The next day, Swagger as “Agent Homan” had his sitdown with the ranking gang specialist of the Moscow police, who, well known on the international circuit and a Moscow rep to Interpol, spoke fluent English. They sat in the inspector’s office, glass-enclosed, off the usual bright, impersonal ward of the organized-crime squad on the third floor of Moscow’s central police station.

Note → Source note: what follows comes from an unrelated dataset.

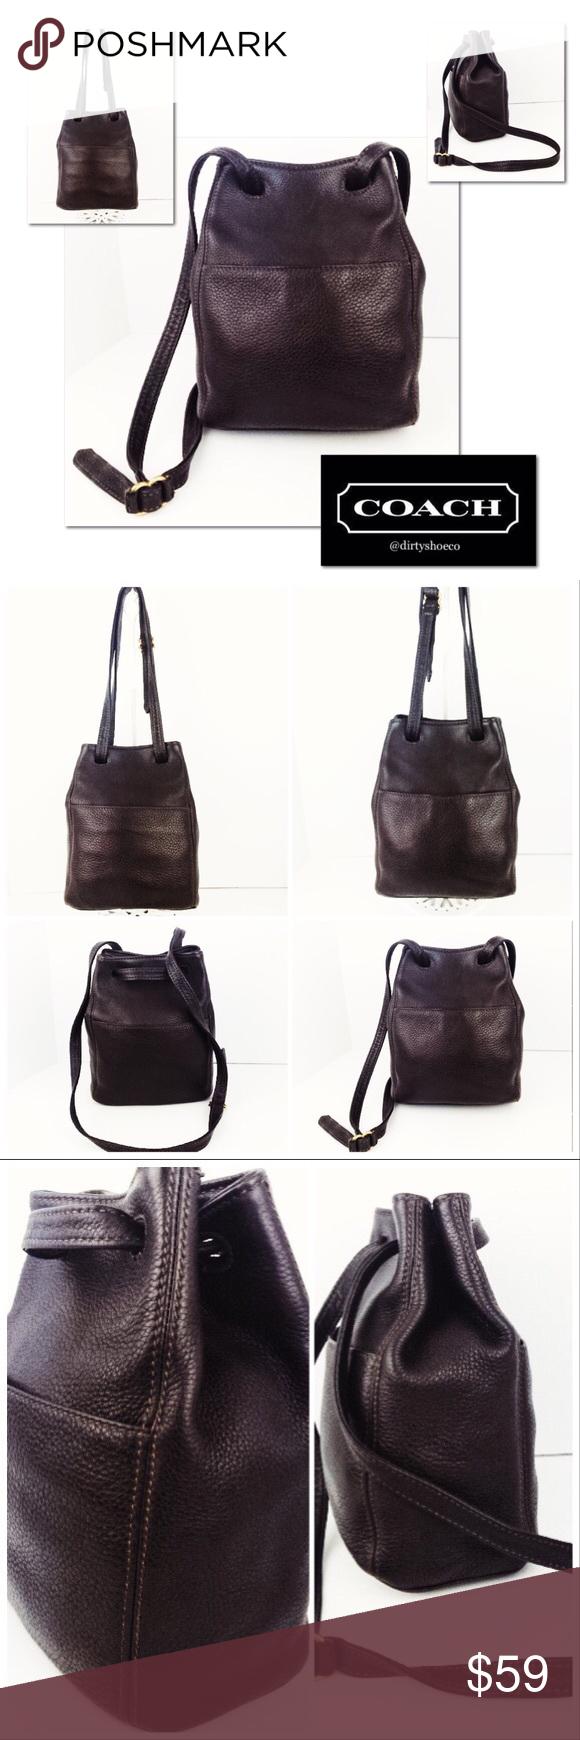 Spotted while shopping on Poshmark  🎁🎄Coach Sonoma Convertible Hobo  Crossbody Bag!  poshmark  fashion  shopping  style  Coach  Handbags bd76cebe72

“This fellow Bodonski, he was a nephew of the Izmaylovskaya boss, or in their language, avtoritet, also a Bodonski,” said the inspector as they looked over the thick Bodonski file and Swagger saw a photo of the man he’d killed. Bodonski had been handsome, dashing, even, with thick sweeps of dark hair and piercing eyes. He must have had the gangster way with women. The last time Swagger had seen him – which was also the first and only – his face had been pancaked into the steering wheel of his car, and what flesh was visible in the nest of crushed plastic and bent steel looked like the rotting fruit of a watermelon smashed against a brick wall. Too bad for him.
“He was a tough guy, very capable,” the inspector continued. “If someone topped him, whoever did it must have been a tough guy in his own right.”
“Inspector,” said Swagger, “he just shot him. It wasn’t a fight. A gun is always tougher than a man. Even a man in a car.”